No importa si vas camino del trabajo, de la costa o de un pueblo perdido en el mapa. Aquí tienes siete libros con los que viajar sin moverte del asiento del minibús. Una mezcla de historias adictivas, ensayos curiosos y emociones intensas. Y sí, alguno viene de Francia, que también hay mucho que leer en francés.

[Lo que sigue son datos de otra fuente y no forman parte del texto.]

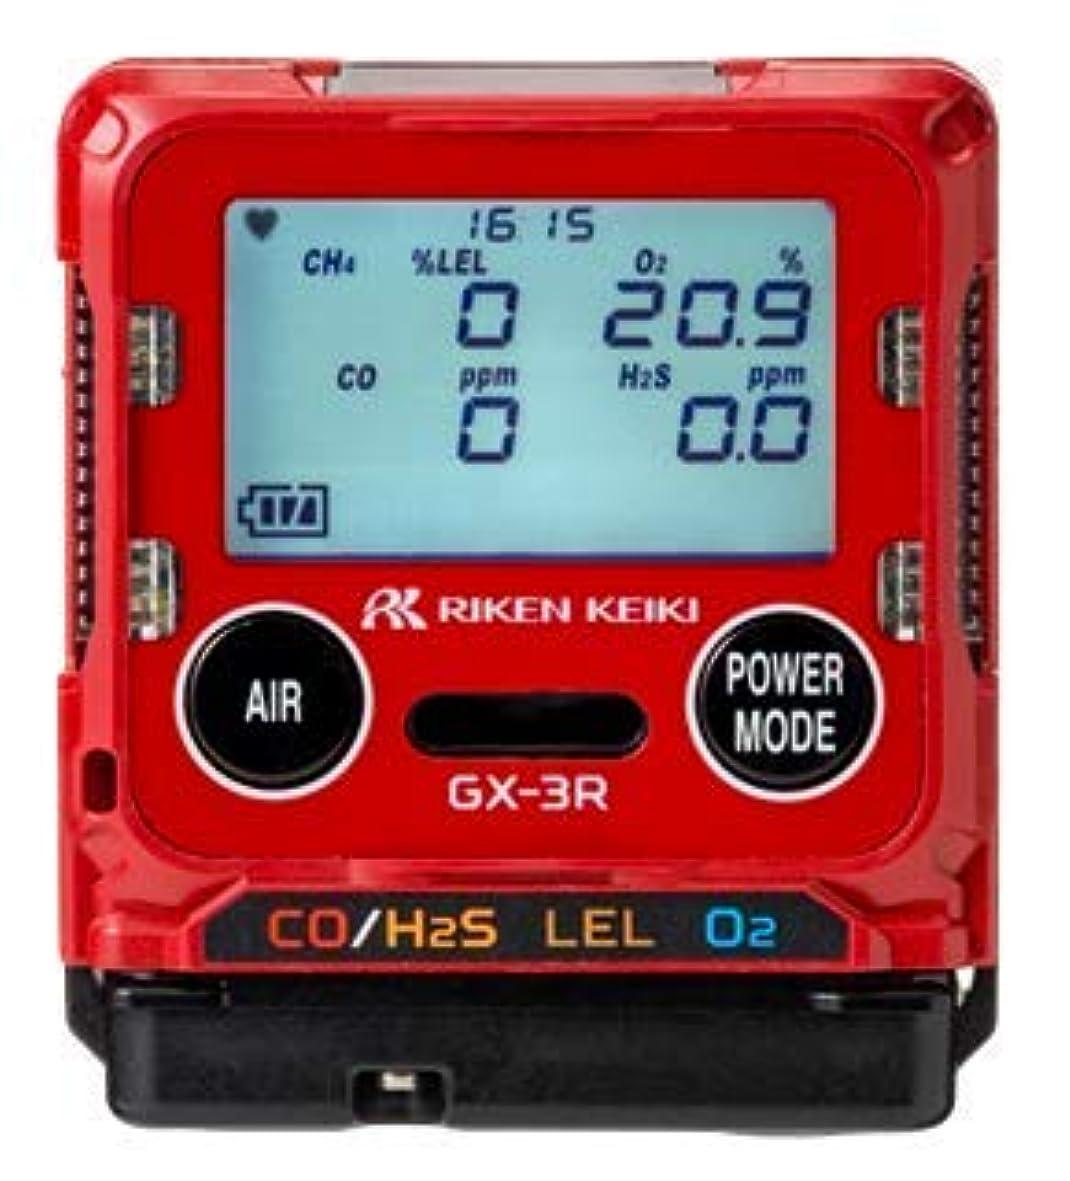 悪名高い悪名高い設計図理研計器 複合ガス検知器 ポータブル3成分ガスモニター GX-3R TYPE-B 検知対象:HC/O2/H2S

- ‘La dependienta’ – Sayaka Murata
Una historia aparentemente simple sobre una mujer que trabaja en una tienda, pero que desmonta muchos clichés. Fresca, rápida de leer, perfecta para trayectos breves. - ‘Pequeñas cosas bellas’ – Cheryl Strayed
Columnas de consejos que son, en realidad, lecciones vitales. Una lectura reconfortante y muy humana. Ideal si necesitas un poco de ternura este verano. - ‘El mapa y el territorio’ – Michel Houellebecq
Un viaje por el mundo del arte, la fama y el vacío moderno. Irónica, incómoda, brillante. Houellebecq en estado puro. - ‘Sapiens’ – Yuval Noah Harari
Un ensayo que se lee como una novela. Historia, ciencia, curiosidades… y muchas ganas de contárselo a tu compañero de viaje. - ‘Nada se opone a la noche’ – Delphine de Vigan
Una autora francesa que se abre en canal para contar la vida de su madre. Duro y bello a la vez. Uno de esos libros que se te quedan dentro. - ‘Rewind’ – Juan Tallón
Una novela sobre un edificio que explota en Lyon (sí, en Francia) y lo que eso cambia en la vida de varios jóvenes. Escrita con mucha sensibilidad. - ‘La ridícula idea de no volver a verte’ – Rosa Montero
Biografía emocional, ensayo sobre Marie Curie, duelo personal… todo a la vez y muy bien escrito. Un libro que toca la fibra.